▸ **Data segment**:
== == ==

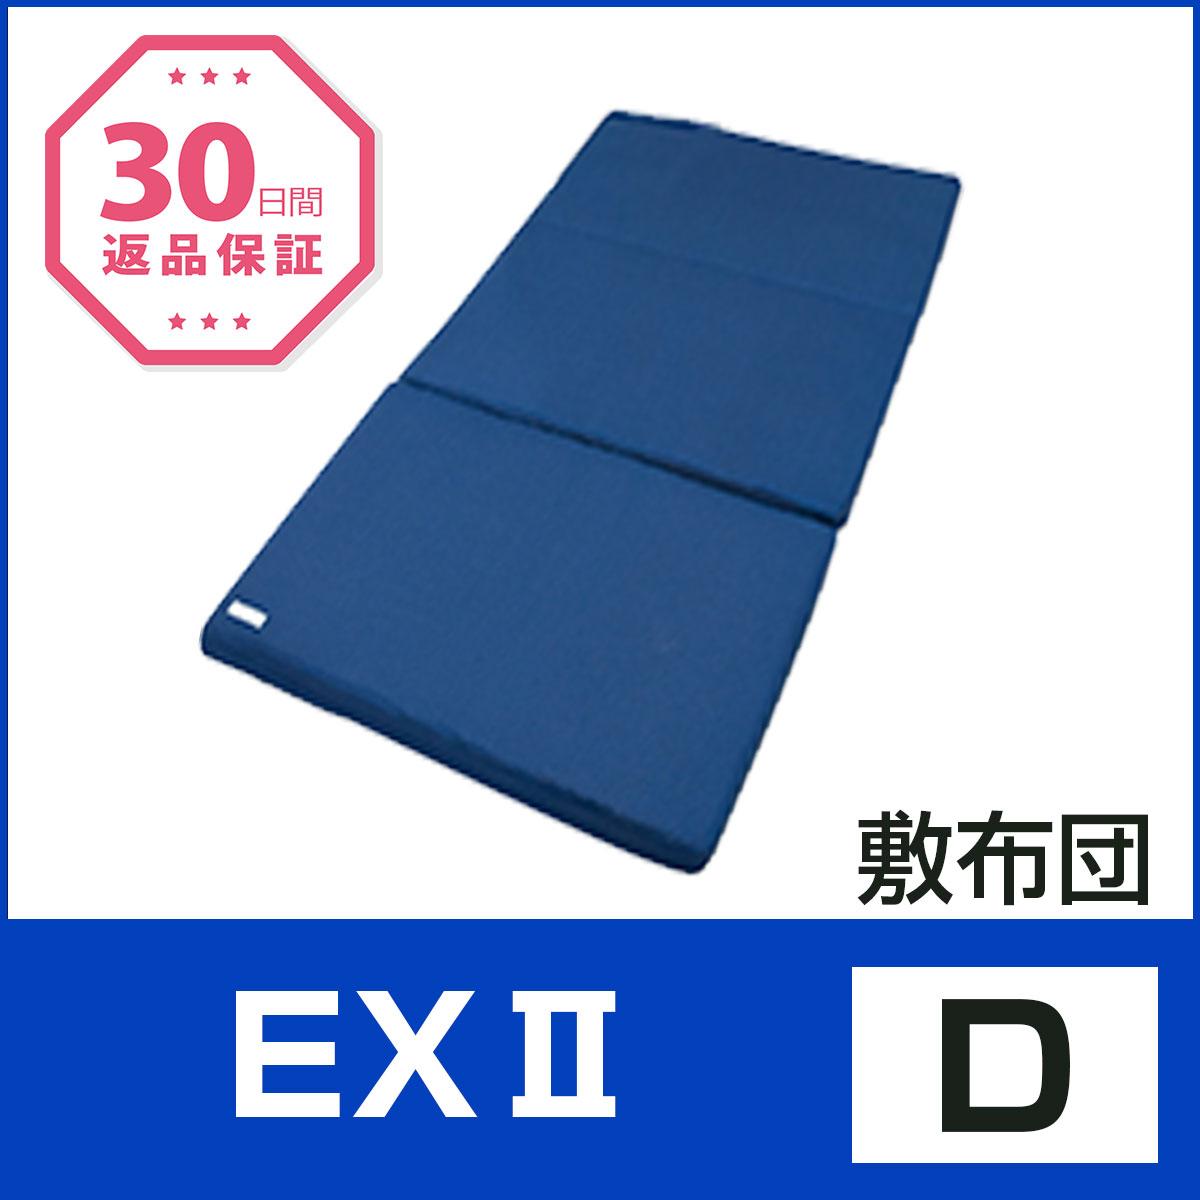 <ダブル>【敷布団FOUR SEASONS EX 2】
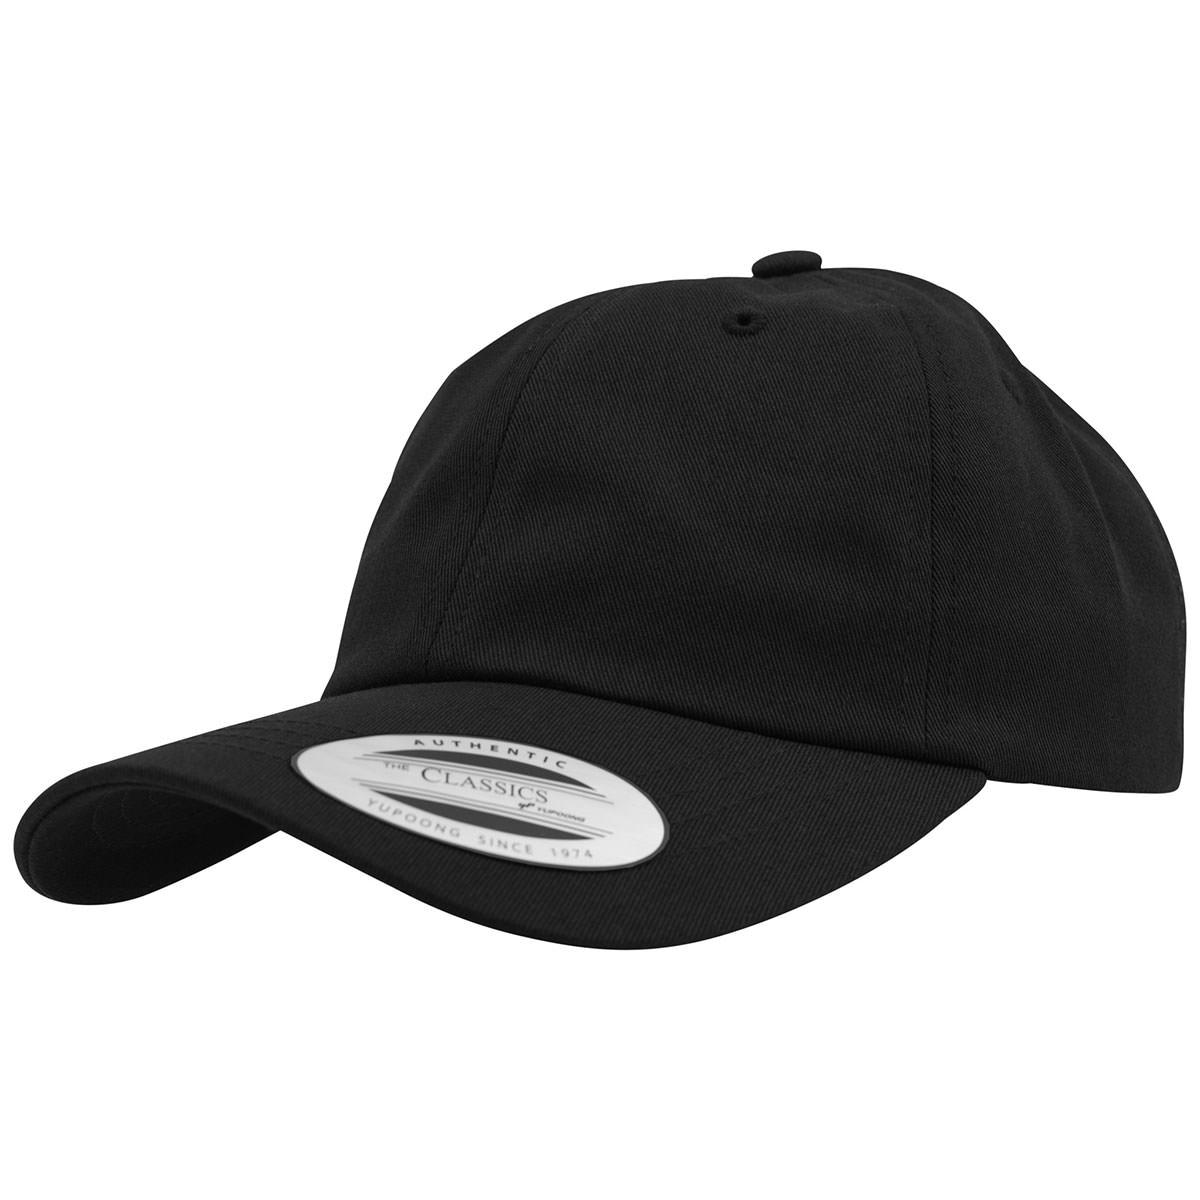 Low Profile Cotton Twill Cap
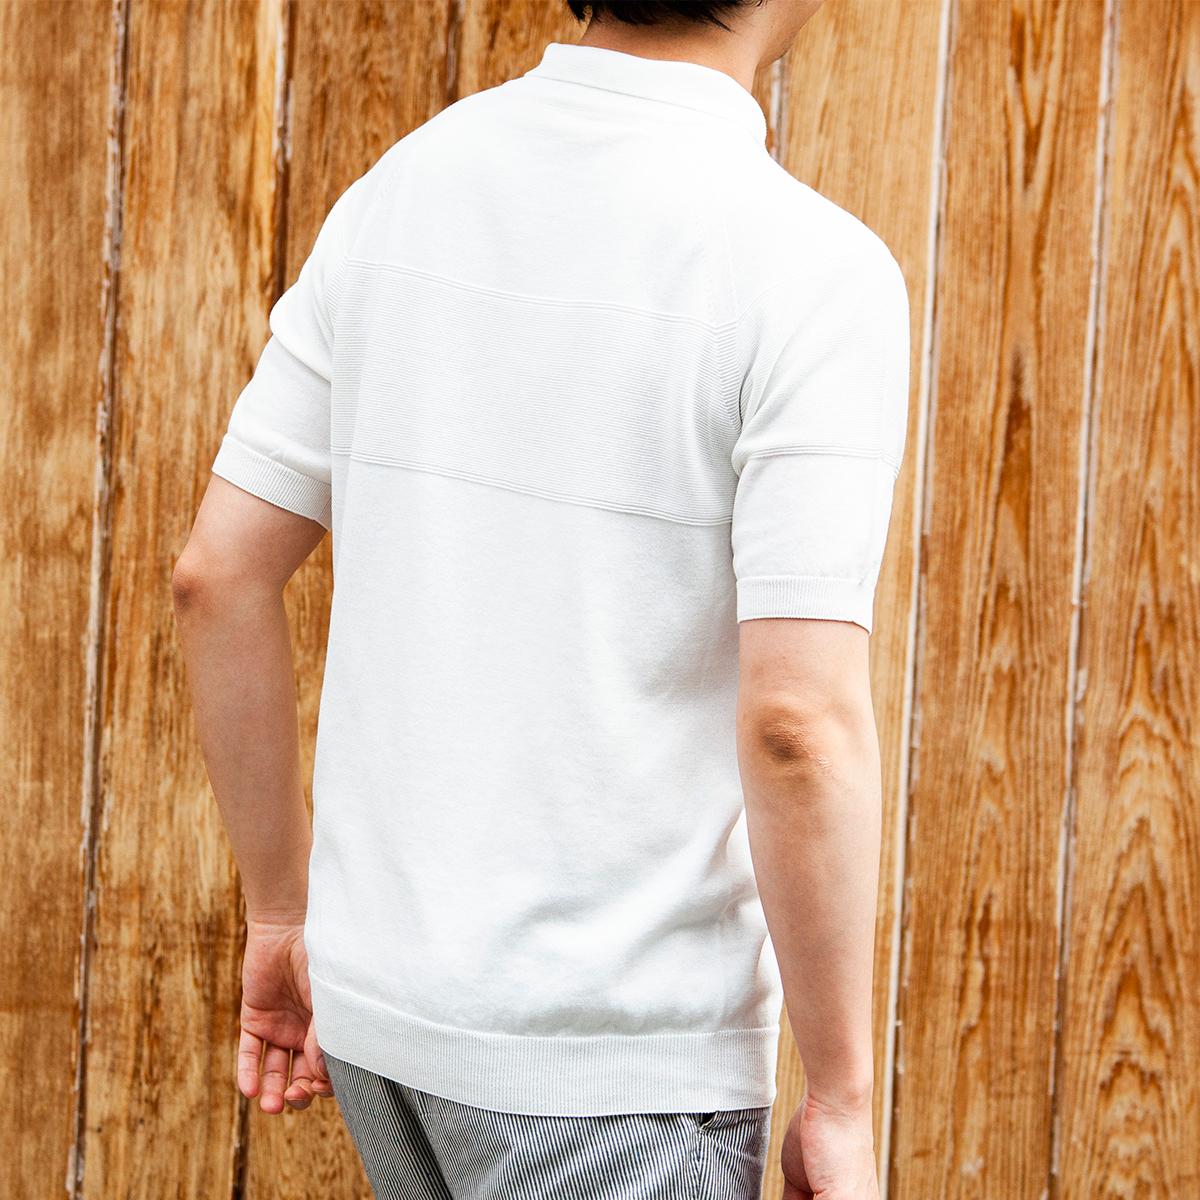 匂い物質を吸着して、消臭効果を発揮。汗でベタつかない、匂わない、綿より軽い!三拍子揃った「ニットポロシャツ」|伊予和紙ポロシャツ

== == ==

▸ **Task requirements**: Return the complete material above exactly, with no picture.

▸ **Exercise answer**:
 <ダブル>【敷布団FOUR SEASONS EX 2】
 Low Profile Cotton Twill Cap
 匂い物質を吸着して、消臭効果を発揮。汗でベタつかない、匂わない、綿より軽い!三拍子揃った「ニットポロシャツ」|伊予和紙ポロシャツ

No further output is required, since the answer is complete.